## Data below
= = = = = = =

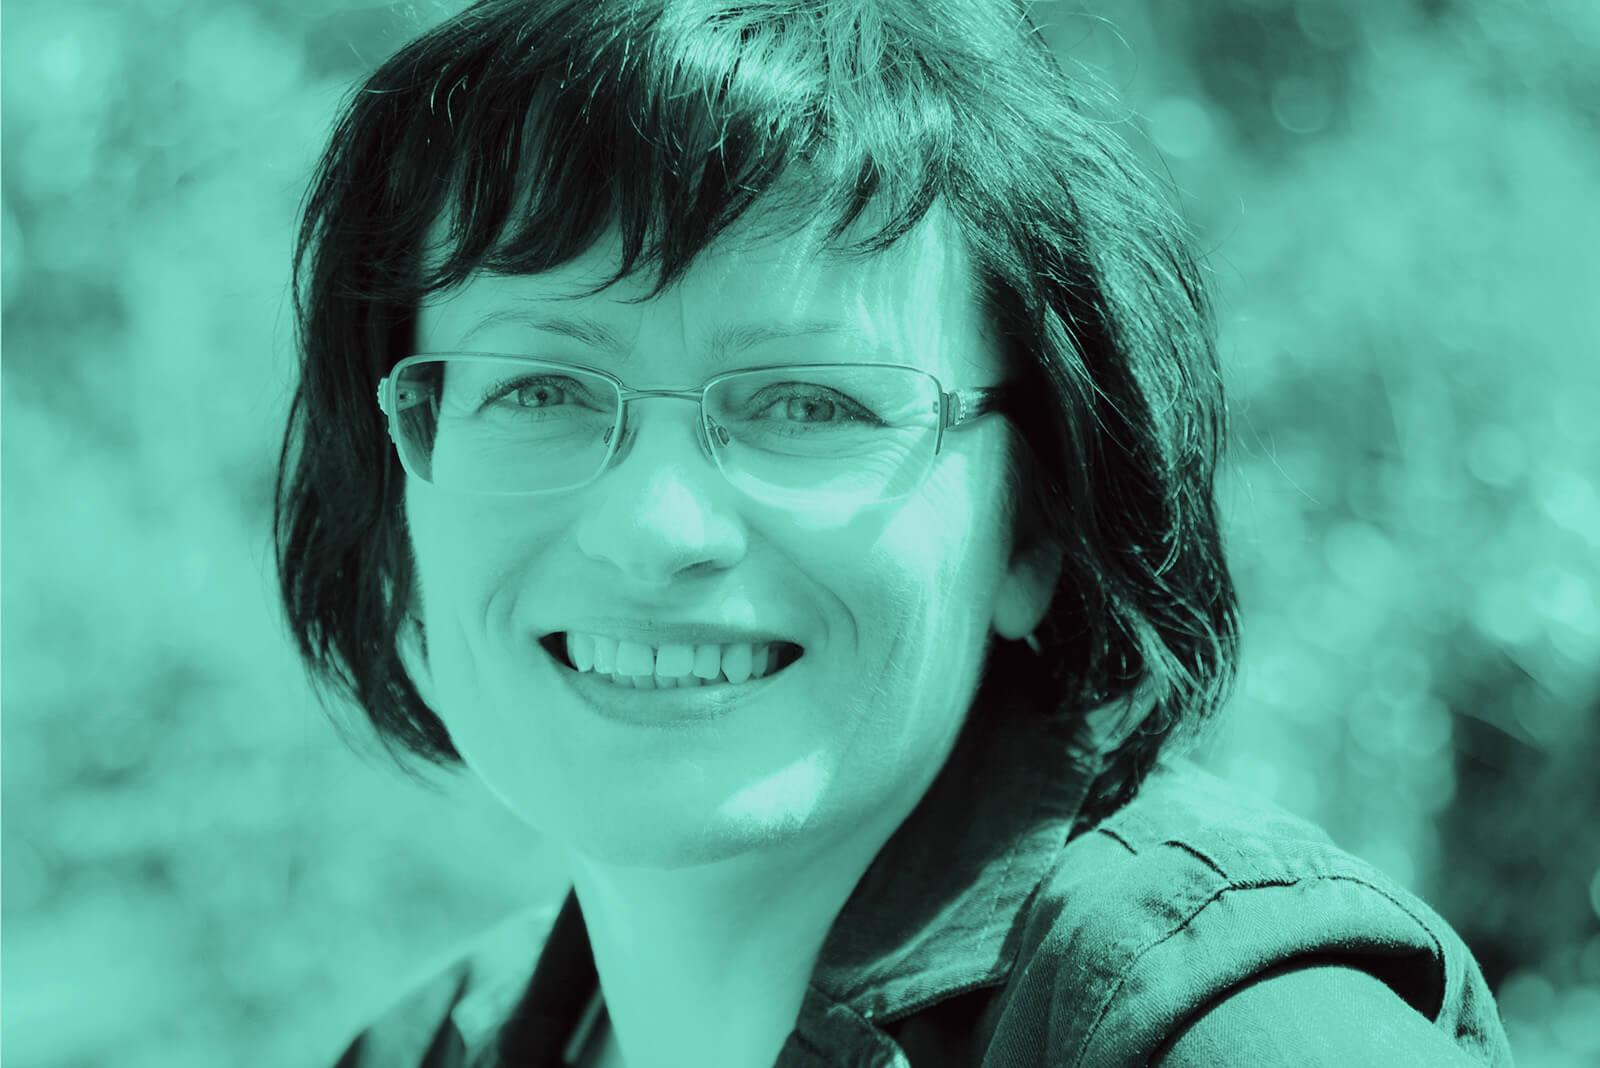 """Roswitha Reisinger: """"Ich konzentriere mich auf das Wesentliche. Mehr braucht man nicht, um glücklich zu sein."""""""
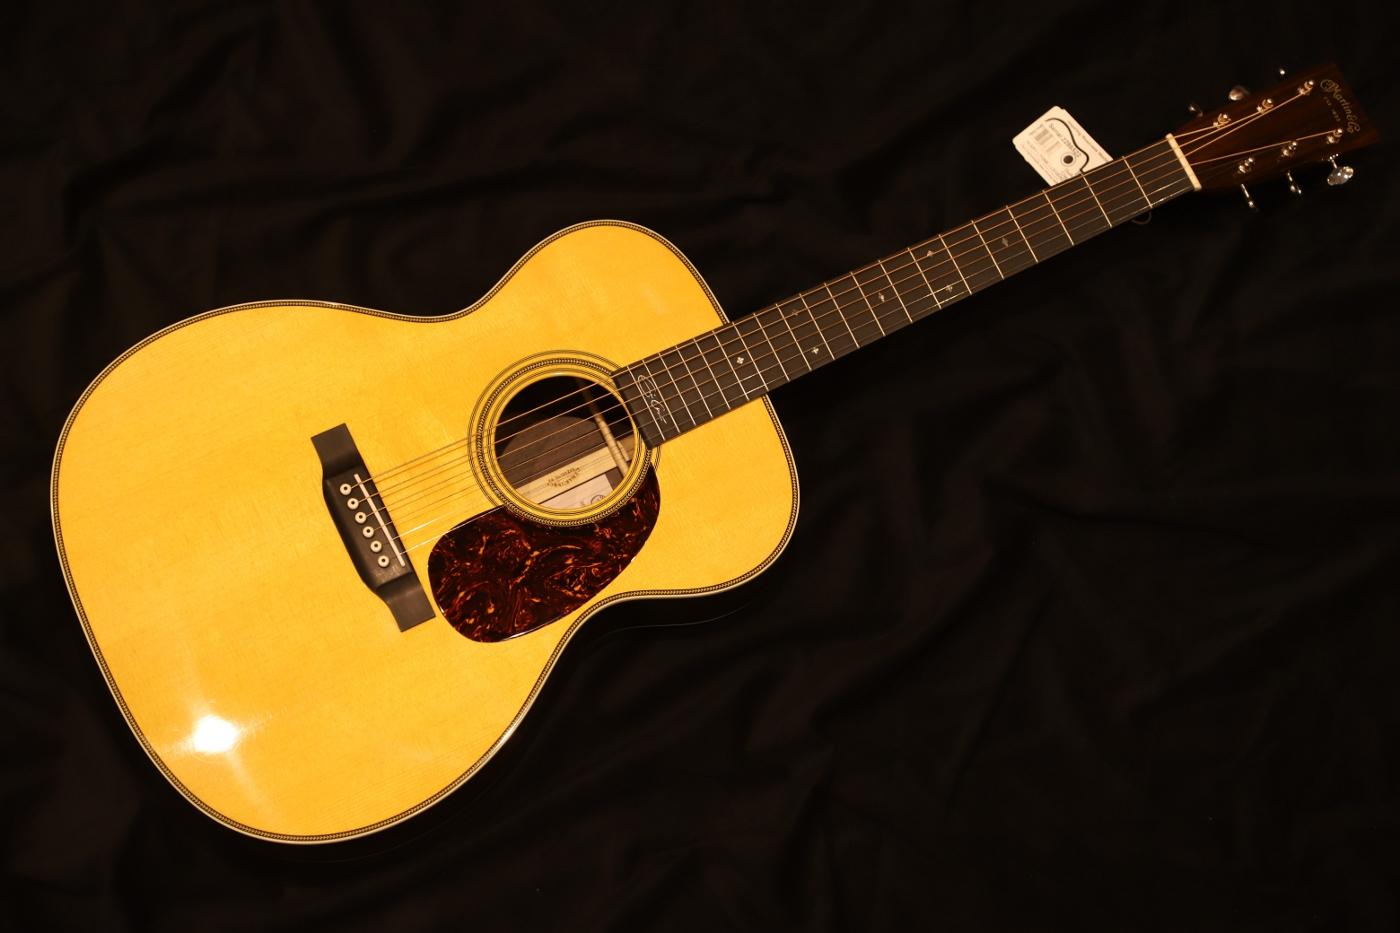 【送料無料】Martin マーチン OOO-28EC Eric Clapton Signature Model アコースティックギター/エリック・クラプトン【返品・交換不可】
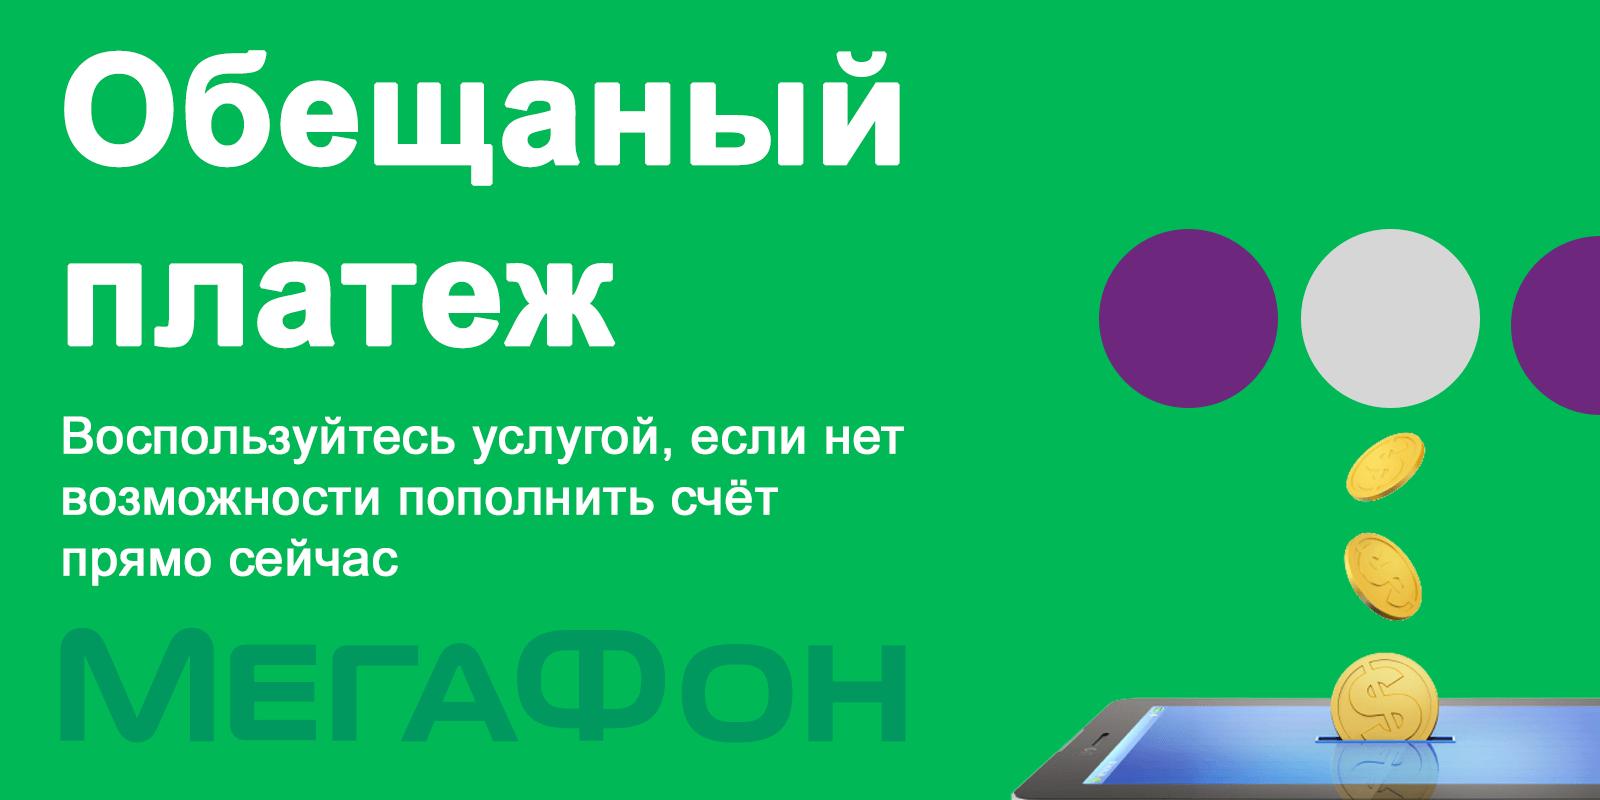 site-obeshanniy-platezh-megafon-banner.png
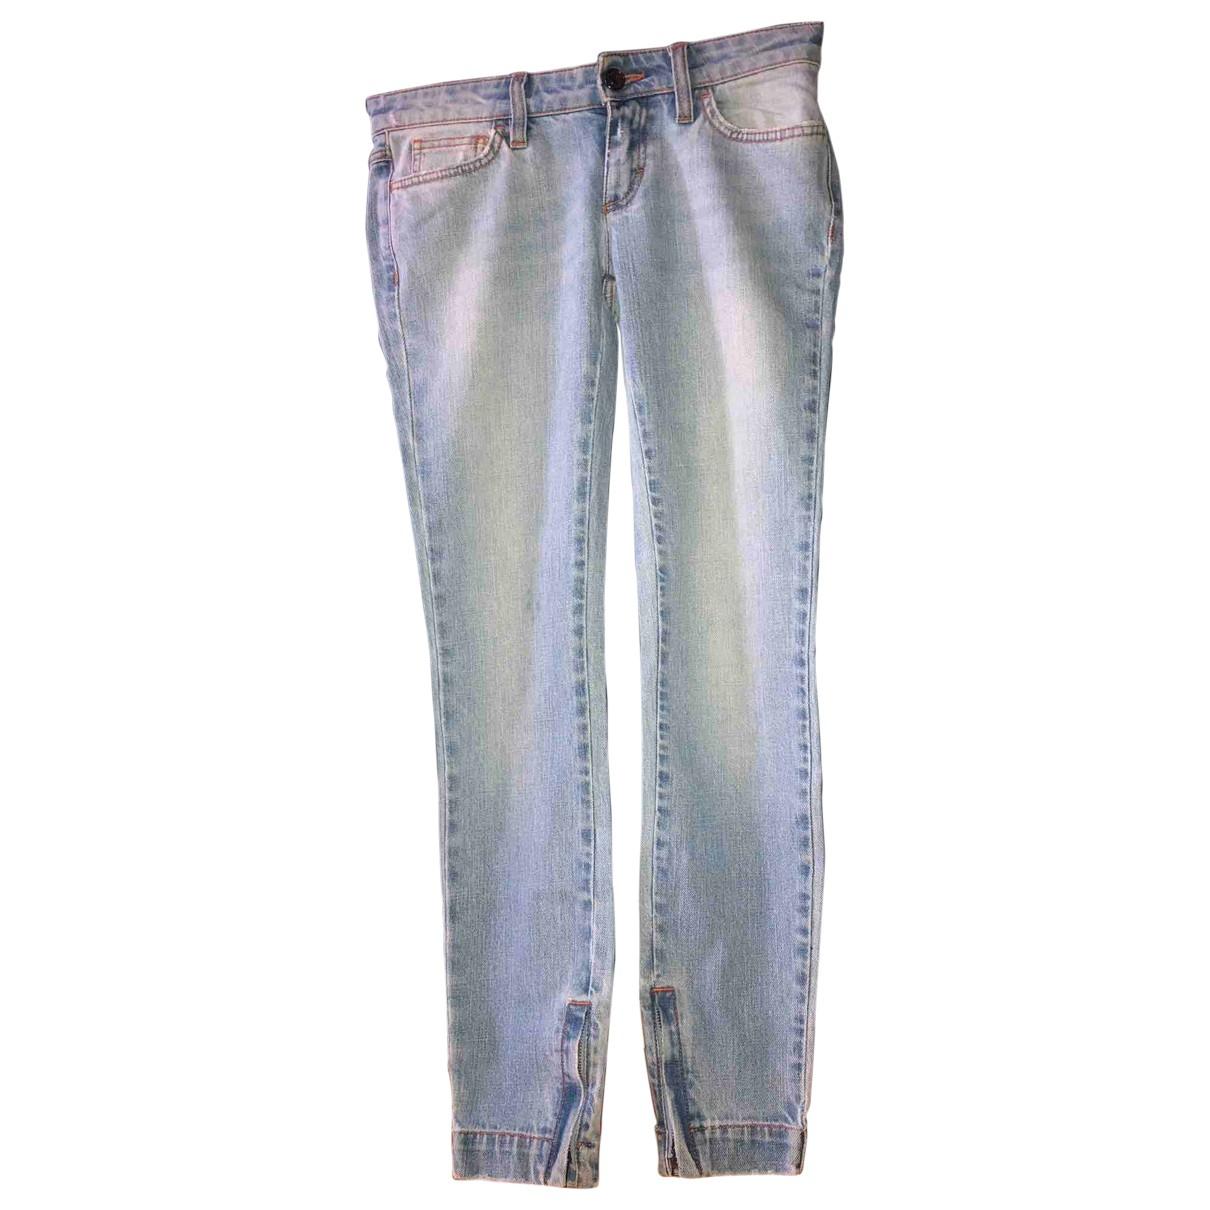 Dolce & Gabbana \N Blue Denim - Jeans Trousers for Women 36 IT

= = = = = = =

## Problem statement
Write out all of the data above exactly, without any of its pictures.

## Answer to this task
 """Roswitha Reisinger: """"Ich konzentriere mich auf das Wesentliche. Mehr braucht man nicht, um glücklich zu sein."""""""
 【送料無料】Martin マーチン OOO-28EC Eric Clapton Signature Model アコースティックギター/エリック・クラプトン【返品・交換不可】
 site-obeshanniy-platezh-megafon-banner.png
 Dolce & Gabbana \N Blue Denim - Jeans Trousers for Women 36 IT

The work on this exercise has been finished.